Wystawa Doroczna NURTu
Najnowsze dokonania członków i sympatyków Klubu Fotografii NURT złożyły się na III Wystawę Doroczną w Galerii Pod Arkadami. Prace ośmiu łomżyńskich fotografików uzupełniają zdjęcia zaproszonych gości: Marka Doleckiego, Anny Worowskiej i Wiktora Wołkowa.
Na wystawie można oglądać ponad 40 fotografii, zarówno barwnych jak i czarno białych, wykonanych rozmaitymi technikami. Niektóre z nich stanowią swoiste cykle, jak pokazujące burzową, letnią pogodę, zdjęcia Stanisława Andruszkiewicza, czteroczęściowy cykl Wojtka Surawskiego czy prace Lecha Kazimierza Buczyńskiego, ukazujące widok z okna artysty.
- To prawie czarno białe zdjęcia, z gatunku monochromatycznych – mówi Buczyński. - Były robione w czasie ostatniej zimy, w ciągu trzech dni, przy dość dużym mrozie. Chciałem ukazać zmieniające się w czasie tych trzech dni niuanse – pomimo tego, że pogoda była stabilna, to światło się zmieniało, co widać na zdjęciach. Są one dla mnie powrotem do źródeł, chwilą odpoczynku od fotografii kreacyjnej.
Inne prace są ze sobą powiązane pośrednio, jak cykl czterech fotografii Zbigniewa Ciborowskiego. „Medytacja” samotnego młodego człowieka sfotografowanego w Krakowie, otoczonego nierealnymi, rozmytymi postaciami otaczających go osób kontrastuje tu ze zdjęciem „Procesja”.
- To cykl poświęcony ludzkim emocjom – wyjaśnia Zbigniew Ciborowski. - Przedstawia medytację pojedynczego człowieka i procesję, a pomiędzy nimi nieokiełznaną, spontaniczną radość ludzi będących razem. Chodziło mi o to, by wzbudzić w oglądających refleksję, zmusić ich do zastanowienia.
Na wystawie nie brakuje też zdjęć typowo dokumentalnych, jak ascetyczne, tradycyjne w formie czarno białe zdjęcia Przemysława Karwowskiego oraz prace Grzegorza Zabielskiego, przedstawiające plenerowy spektakl „Ślepcy” w czasie Festiwalu Teatralnego „Walizka”. Zaproszeni goście - którzy nie pojawili się na wernisażu – przedstawili głównie prace starsze. Wyróżniają się wśród nich fotografie Anny Worowskiej – malarska wizja rzeczywistości i fotografowanych obiektów na przykładzie ważek.

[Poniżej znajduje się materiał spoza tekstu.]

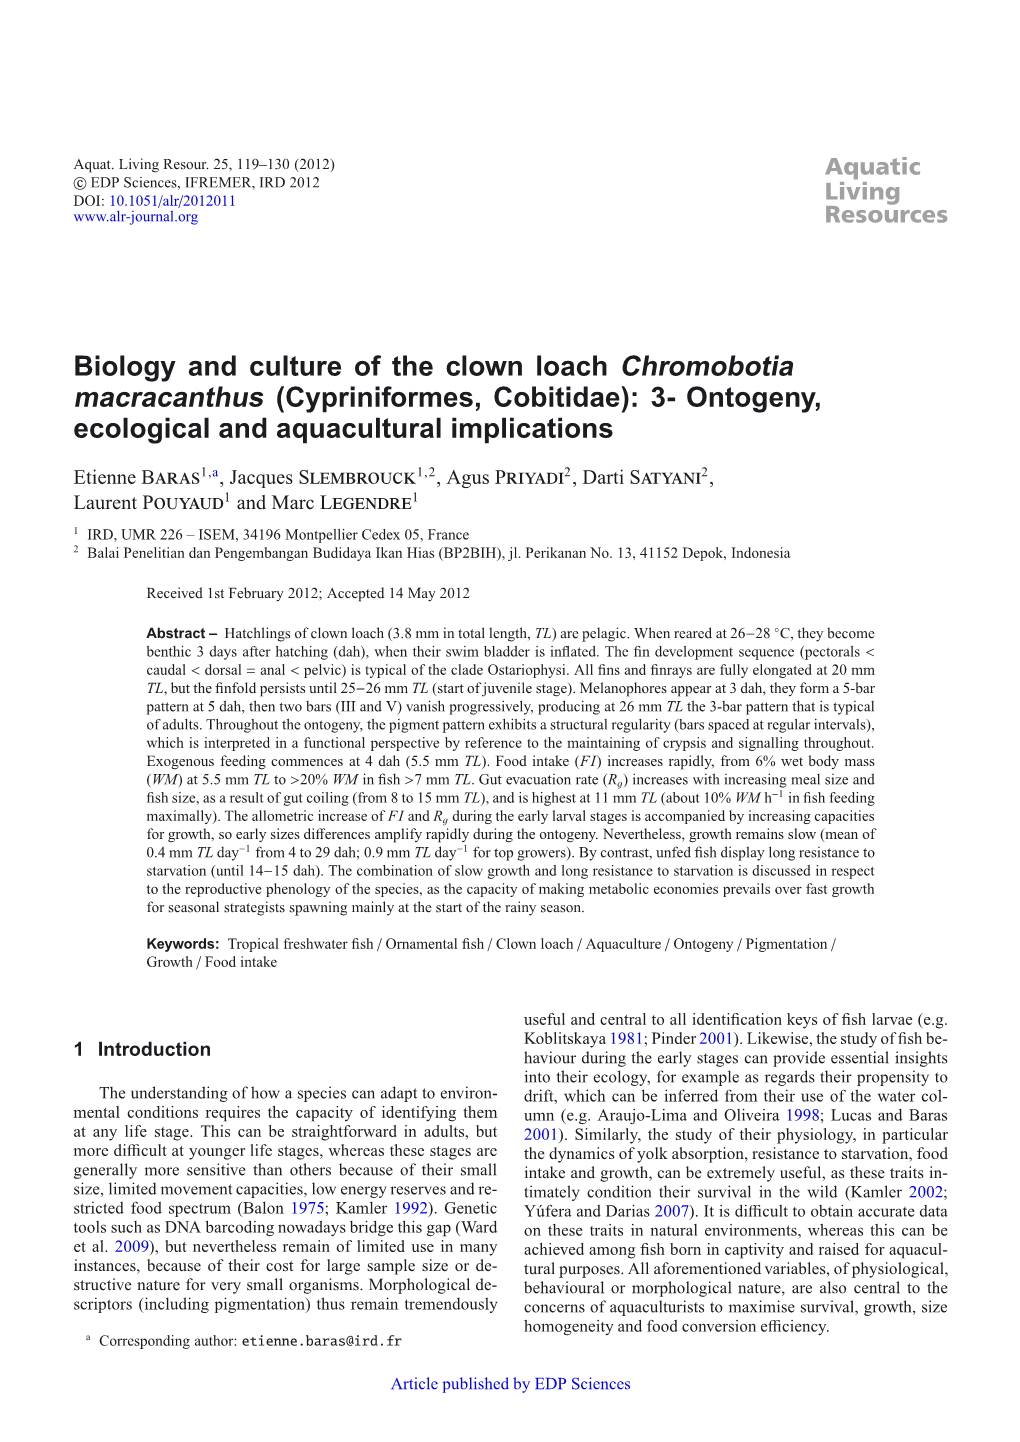 Biology and Culture of the Clown Loach Chromobotia Macracanthus (Cypriniformes, Cobitidae): 3- Ontogeny, Ecological and Aquacultural Implications

- Rozrzut tematyki na tej wystawie jest spory – ocenia Zbigniew Ciborowski. - Ale to właśnie cechuje nasze środowisko: wszyscy robimy pejzaże, ale na wystawy doroczne dajemy zdjęcia nowe, nigdzie dotąd nie eksponowane. Co roku chcemy pokazać to co robimy - najświeższe osiągnięcia Klubu Fotografii NURT. I myślę, że będziemy to kontynuować.